Exercise:
Your output should be the lines from the one containing "2008 Jeep Liberty Brochure Page 22" through the end of the listing, exact and inclusive, with no pictures.

Dataset section:
○ ○ ○ ○ ○ ○ ○

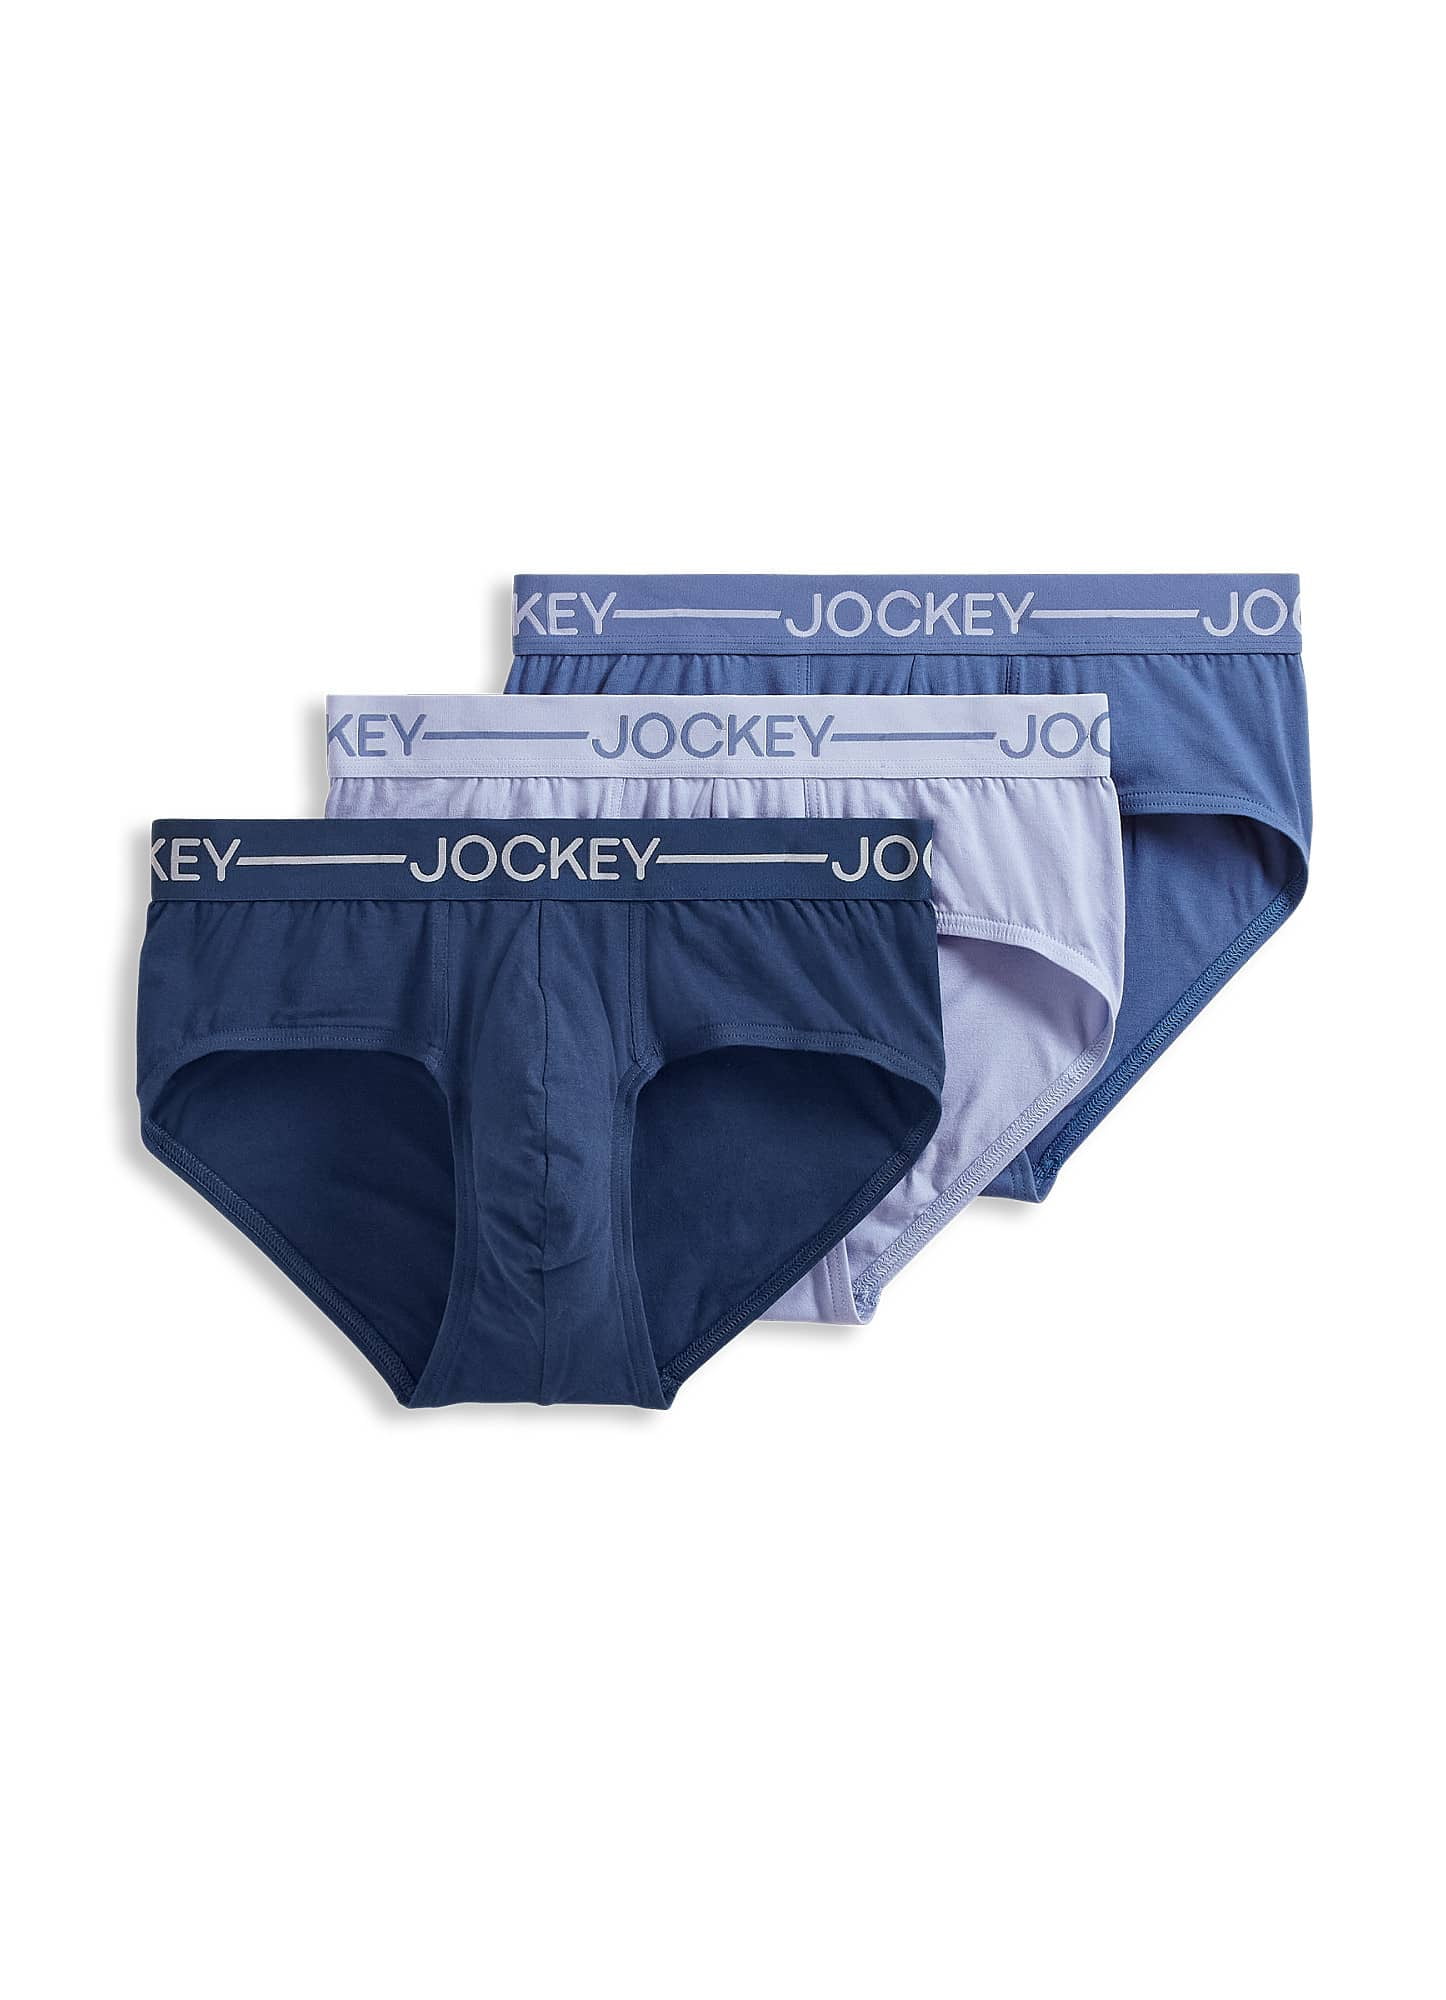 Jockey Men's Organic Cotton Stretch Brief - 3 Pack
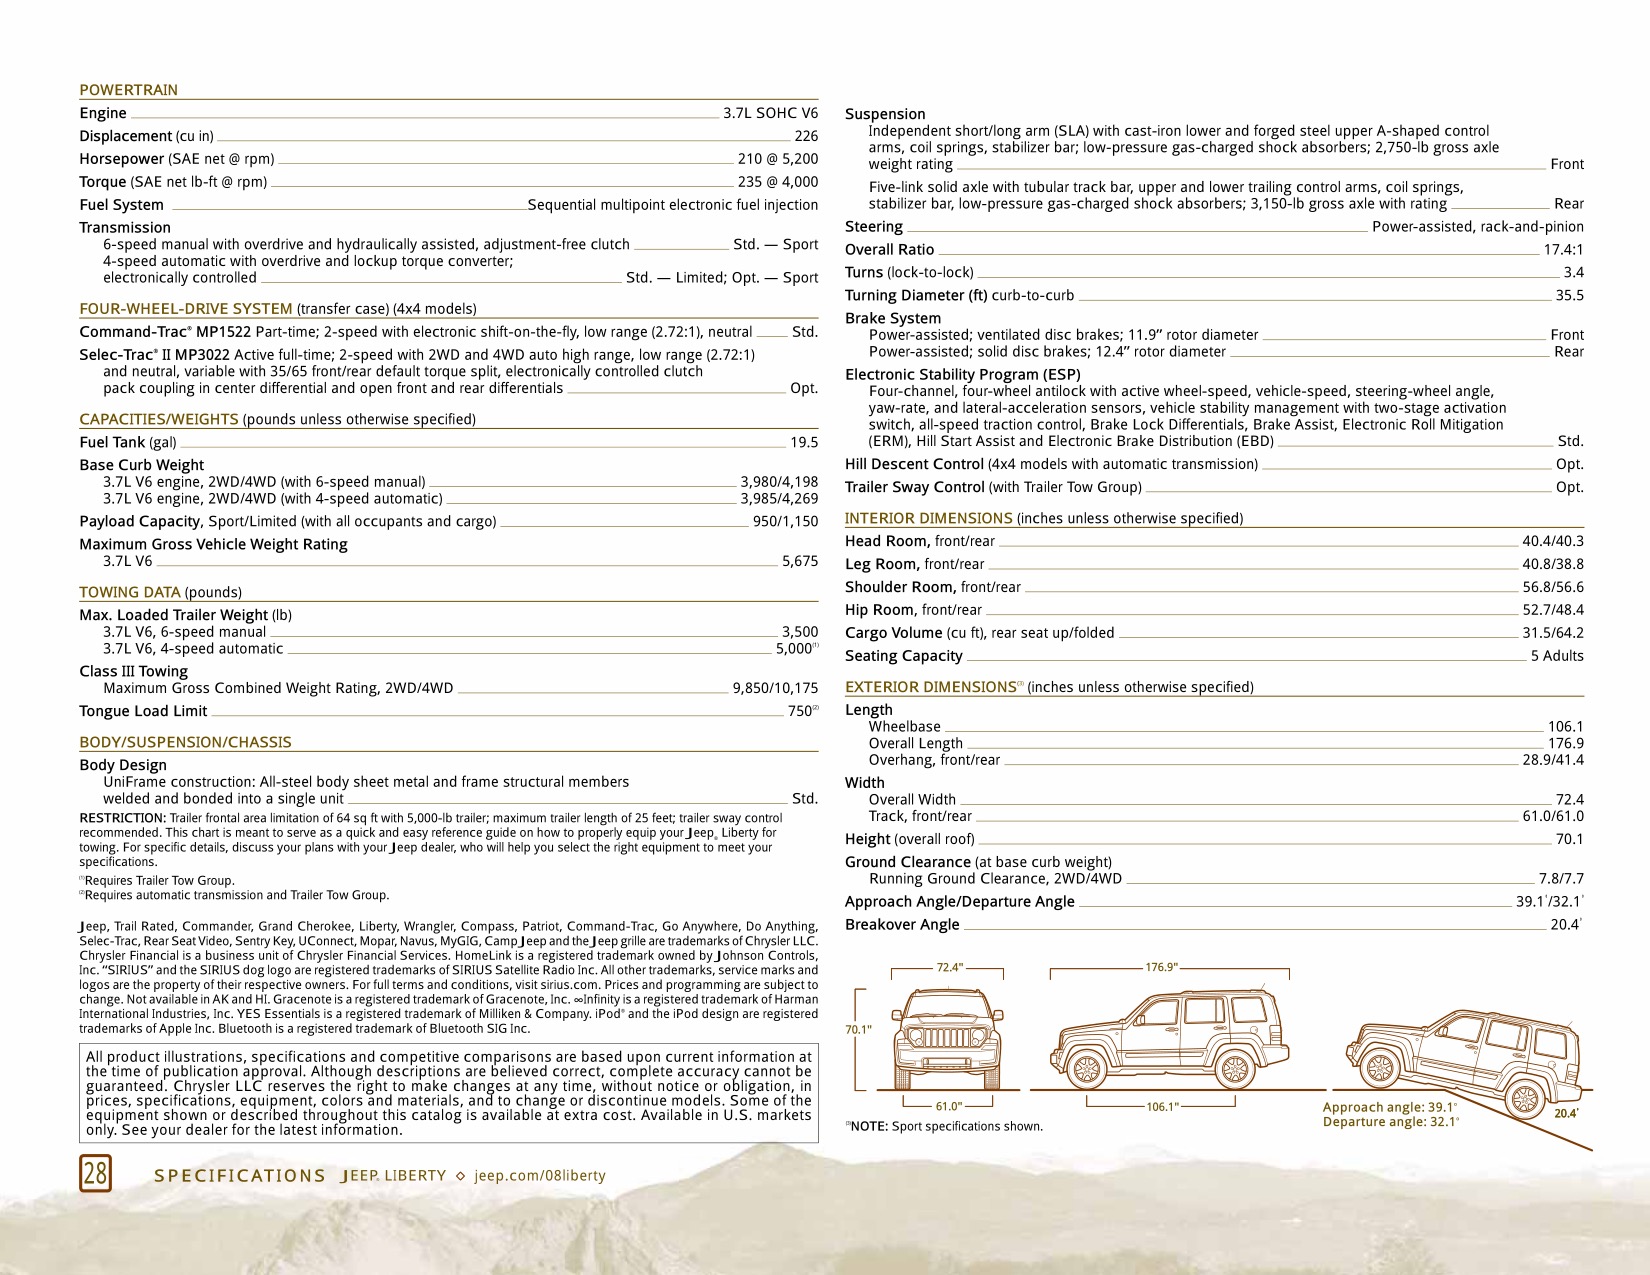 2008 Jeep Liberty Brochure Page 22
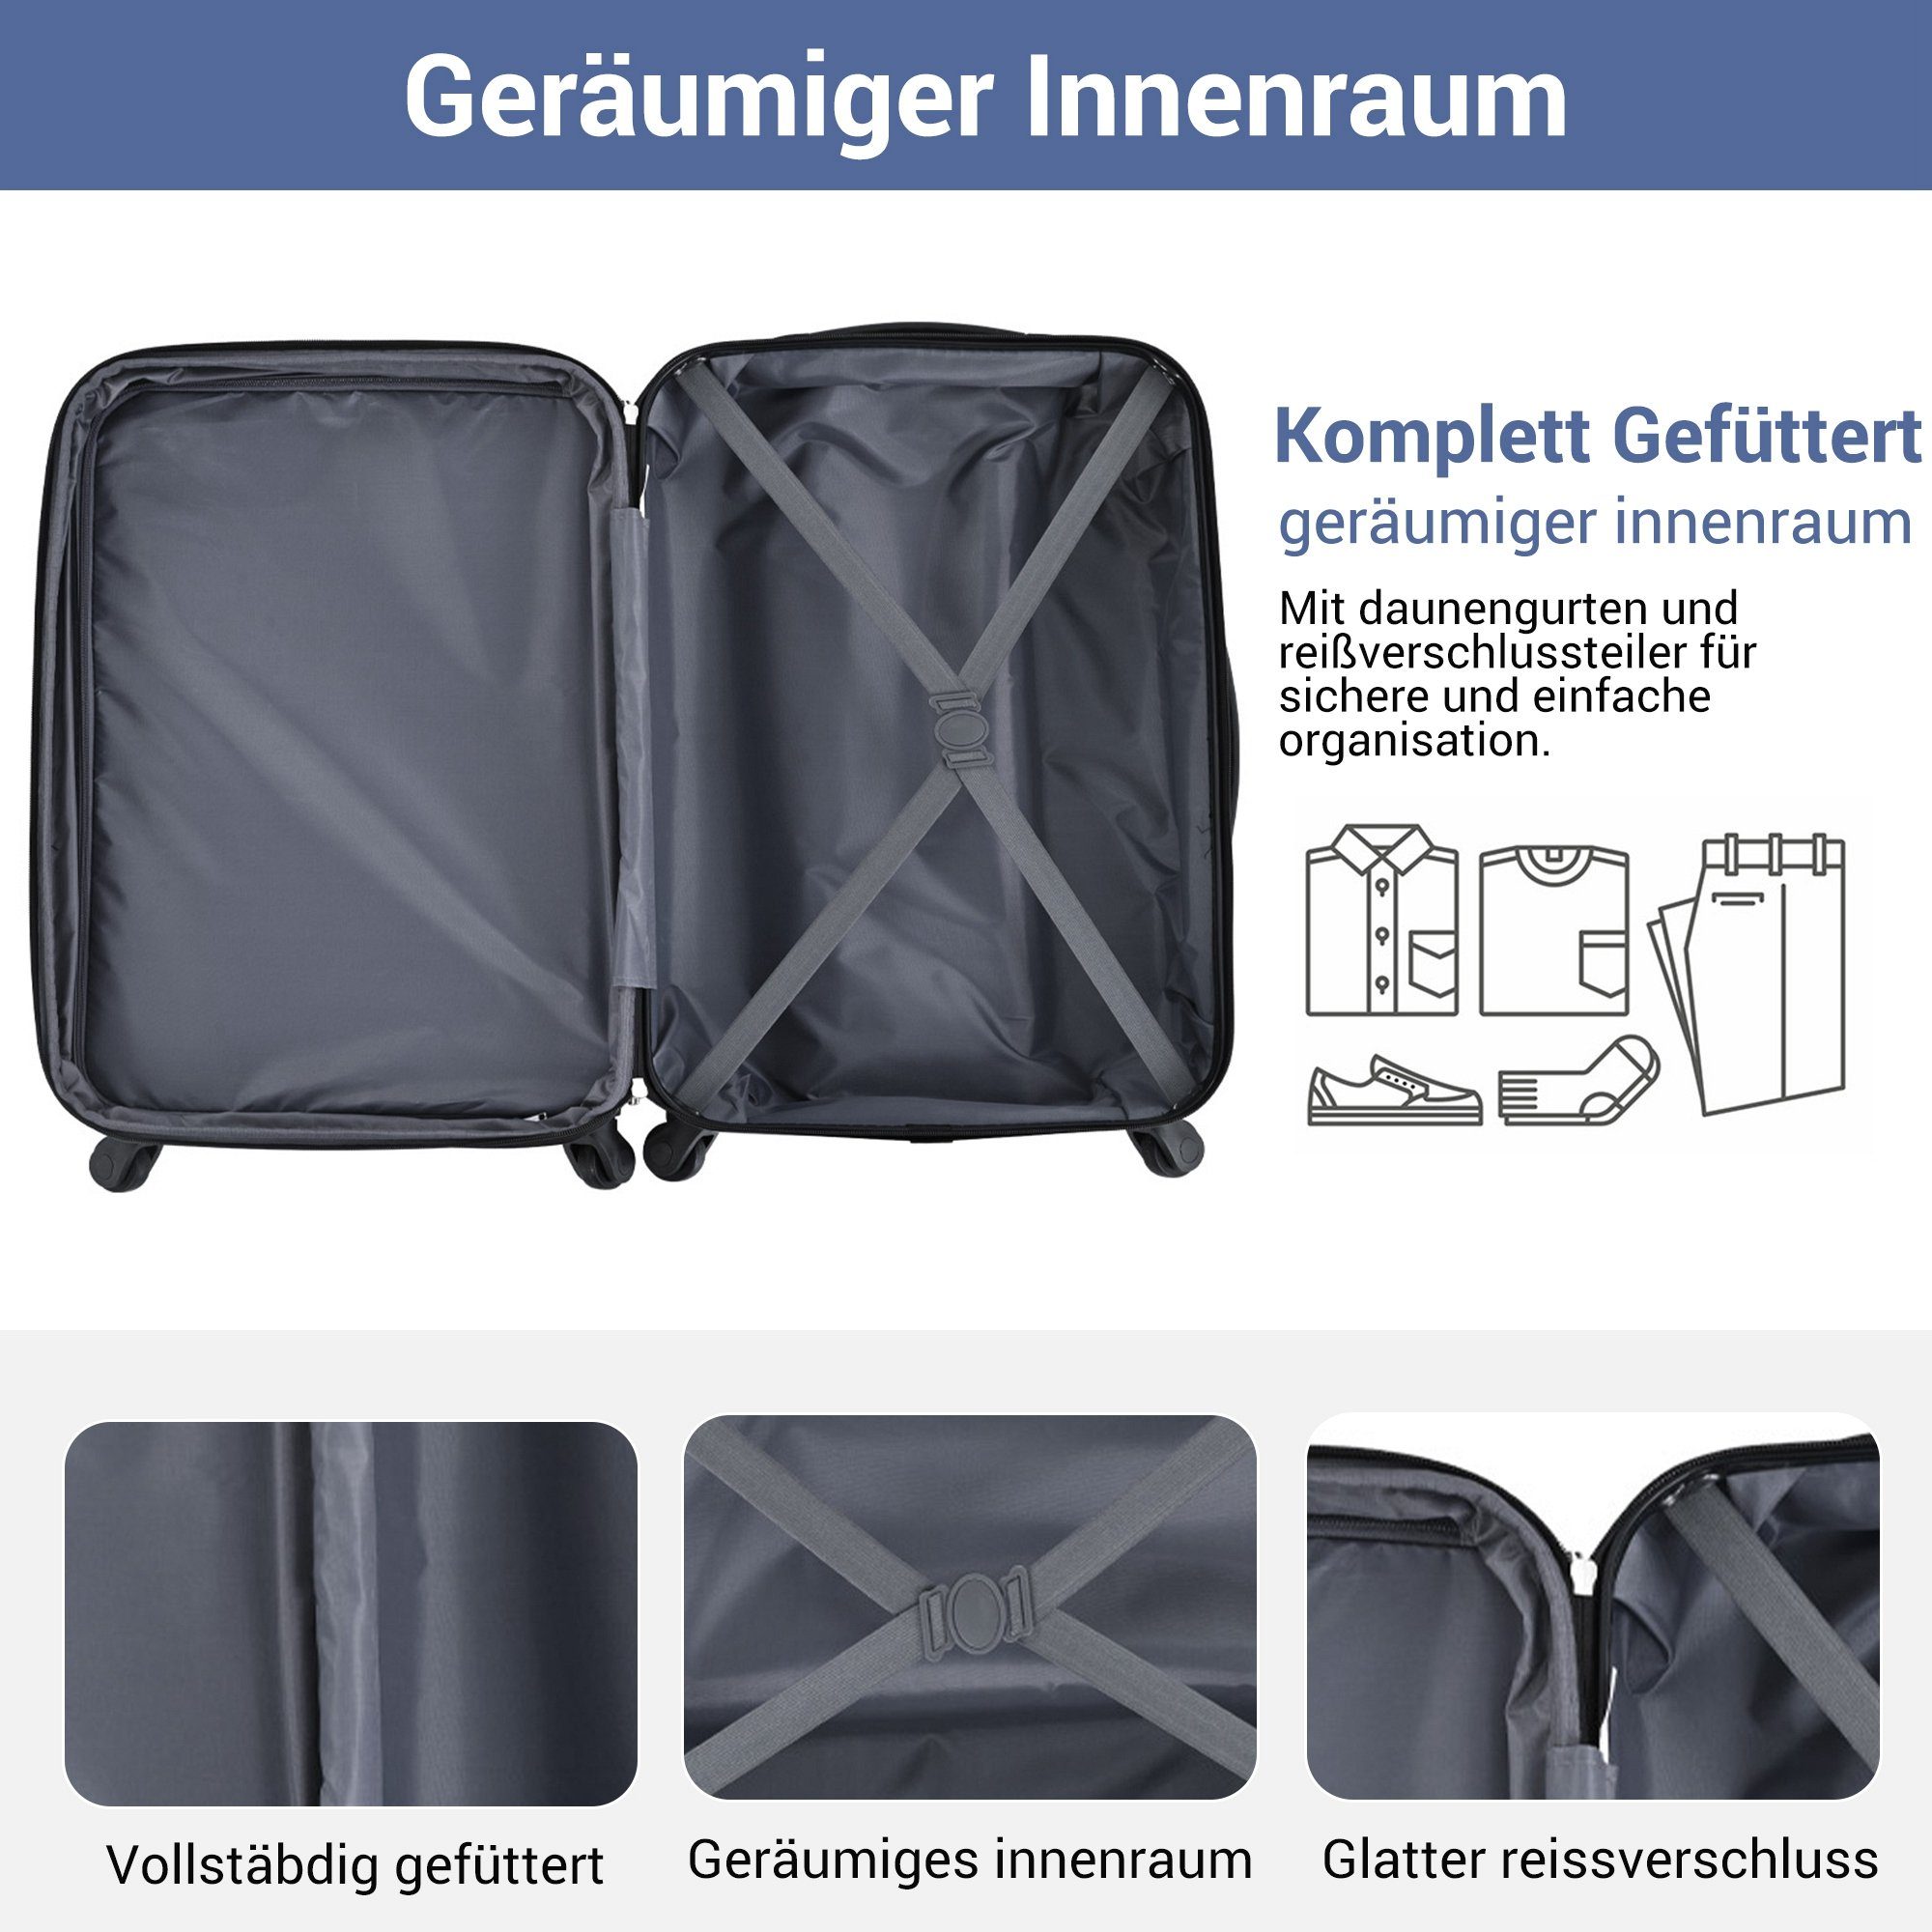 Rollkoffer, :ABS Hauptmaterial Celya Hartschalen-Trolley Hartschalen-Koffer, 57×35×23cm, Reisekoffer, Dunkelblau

○ ○ ○ ○ ○ ○ ○

Answer for this exercise:
 2008 Jeep Liberty Brochure Page 22
 Rollkoffer, :ABS Hauptmaterial Celya Hartschalen-Trolley Hartschalen-Koffer, 57×35×23cm, Reisekoffer, Dunkelblau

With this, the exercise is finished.